Researchers conducted a retrospective study to evaluate weight discrimination in adults as a mediator in the association between Body Mass Index (BMI) and moderate/severe pain over time from the English Longitudinal Study of Ageing (ELSA) cohort.
They analyzed data from 3 consecutive waves of the ELSA, BMI and self-reported pain were recorded at wave 4 (2008–2009), perceived weight discrimination at wave 5 (2010–2011), and pain categorized as no/mild or moderate/severe at wave 6 (2012–2013). Generalized linear models evaluated the association between BMI at wave 4, both as a continuous variable and as obesity status (BMI ≥30), and pain at wave 6, with weight discrimination at wave 5 as a mediator. Adjustments were made for demographics and baseline pain. Complete data were available for 5,362 individuals, with post hoc analyses conducted on 3,979 individuals who reported no/mild pain at baseline.

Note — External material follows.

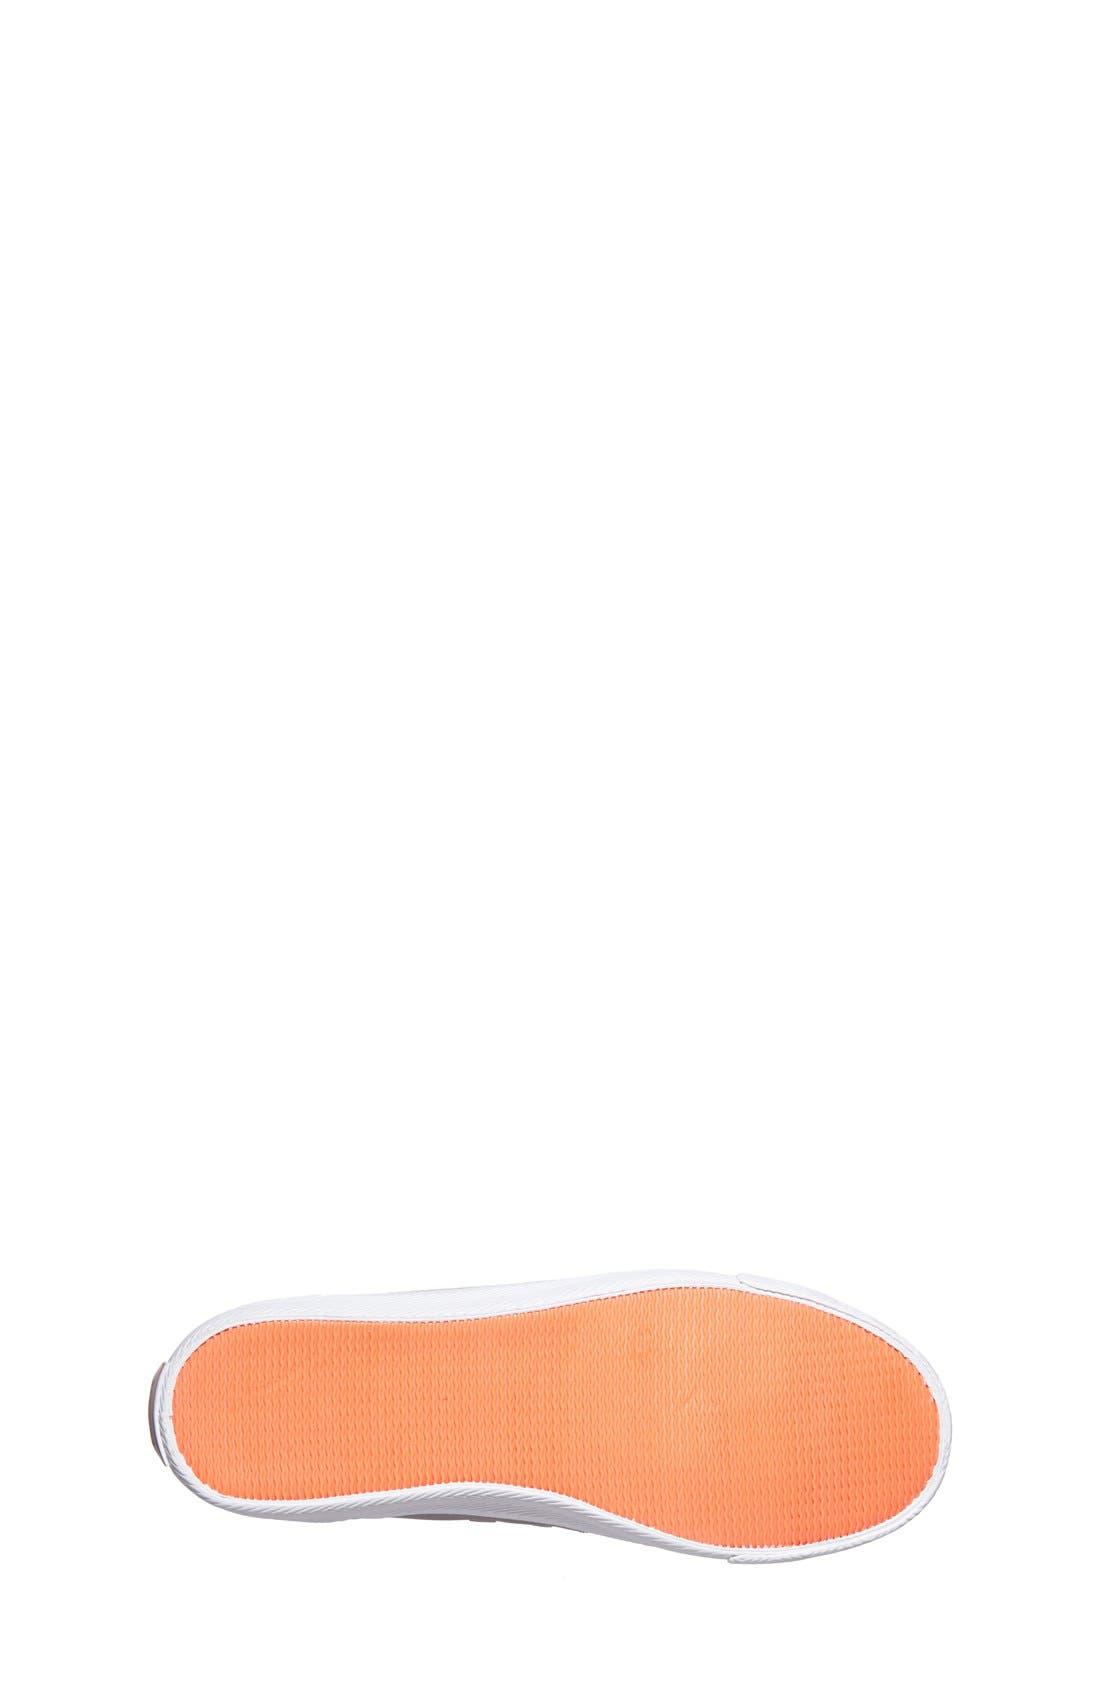 Alternate Image 4  - Lacoste 'Marcel' Sneaker (Toddler, Little Kid & Big Kid)

The results showed that higher BMI was linked to an increased likelihood of future moderate/severe pain (b=1.05, Standard Error [SE]=0.01, P <.01), with weight discrimination partially mediating this association (b=1.00, SE=0.002, P =.05). Obesity status (BMI ≥30) was also significantly related to pain (b=1.43, SE=0.11, P <.01); however, weight discrimination did not mediate this relationship (P =.13). Post hoc analyses among individuals with no/mild pain at baseline demonstrated that both BMI and obesity status were associated with pain, and weight discrimination mediated both pathways (Ps<.05).
Investigators concluded that weight discrimination played a part in connecting higher BMI to augmented future pain, especially for those initially experiencing minimal pain, showing its potential to worsen pain progression.